Well, anyway. This month I had planned to CP Mom's cousin Marlene, who I guess is my cousin too, except I consider her to be more of an aunt because she's around Mom's age--late 60s--and that's the role she's played in my life since we met about 14 years ago. The last couple of months have been rough. She had two cancerous tumors removed from her brain AND lost a kidney because another tumor was so thoroughly entrenched they couldn't remove it. She still had tumors on her lungs, but the doctors were optimistic those could maybe be overcome.

She spent a month in the hospital, and I thought it would be fun to send her a package to be all yay coming home!

So I went about gathering the perfect items. I had hoped to find her fun presents from our trip around Washington State, so we could tell her we'd thought about her in every place we'd visited.

But that didn't really happen. I mean, I found lotion at the Space Needle with the Space Needle logo on it, but nothing "place specific" in the other places we went. I thought there'd be Mt. Rainier coffee or Hurricane Ridge chocolate or Olympic National Forest vampire teeth. But there wasn't.
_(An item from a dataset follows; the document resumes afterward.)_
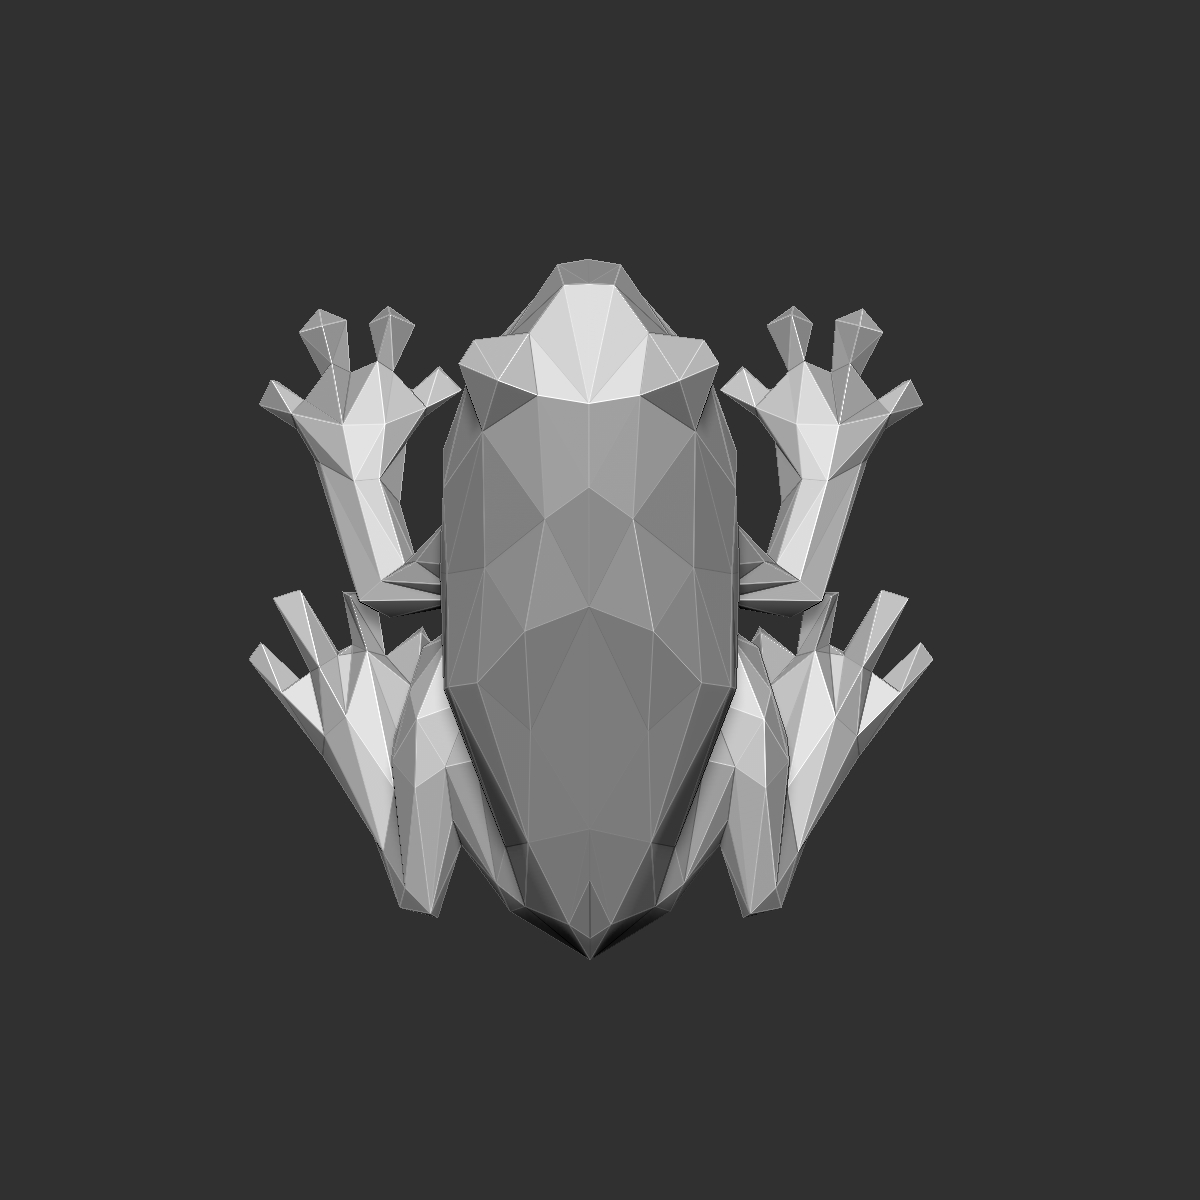 Stl file low poly frog ðãd printer design to downloadãcults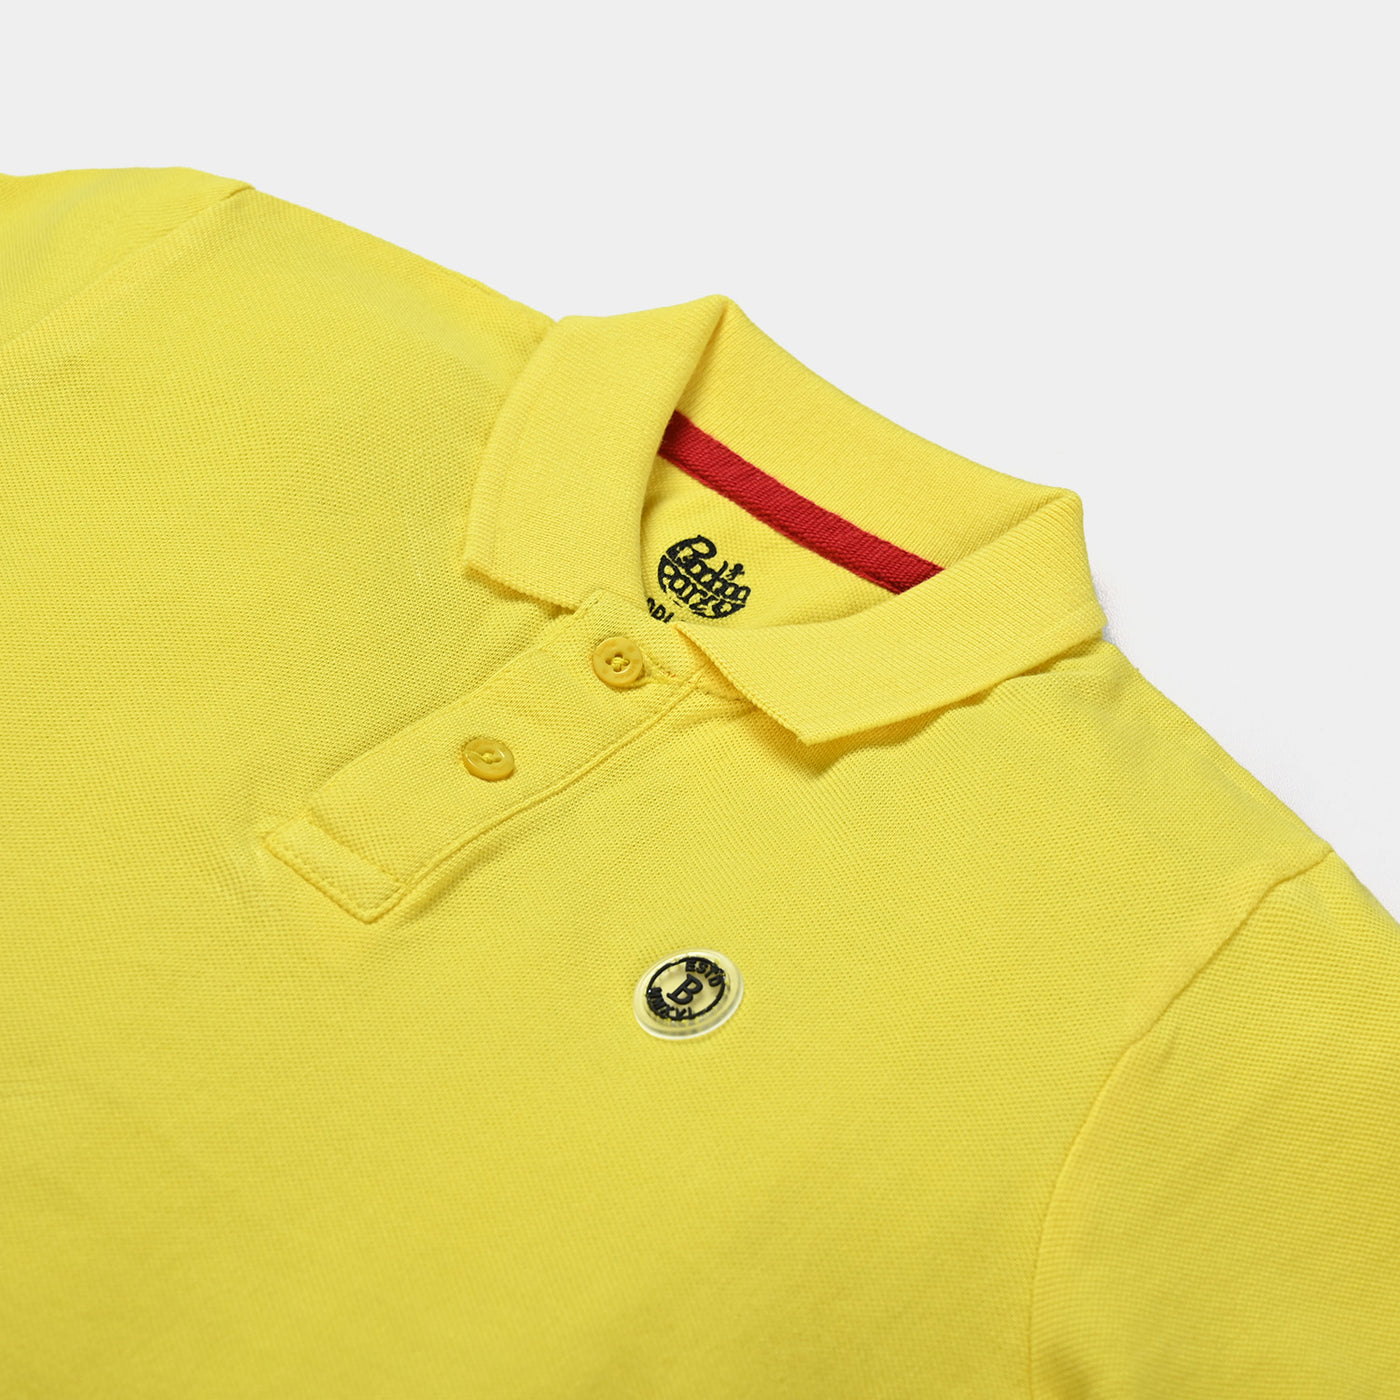 Boys Cotton PK Polo T-Shirt Basic-B. Yellow

Coming back home, I found her a bar of chocolate-scented soap and beeswax lip balm from an artsy lavender festival held literally next door. Johanna and Abby made a card and I failed to get my act together to write her a letter of my own, so the package sat on my wardrobe for about a week and a half.

Then, this past weekend, Mom calls to say that the doctors had just found a very quick growing breast cancer and that without chemo, they were giving Marlene two weeks. With chemo, she might have a year.

Mom and The Aunts (that's Joan and Jan to you) decided they'd visit the hospital yesterday to say goodbye. I gave Mom the package to deliver--complete with my letter (I'm sorry it took me another crisis to get my butt in gear)--because I figured that it would be quicker than using the postal service. The gifts I'd included now seemed completely idiotic, but we decided as a family that didn't matter, that it was the thought.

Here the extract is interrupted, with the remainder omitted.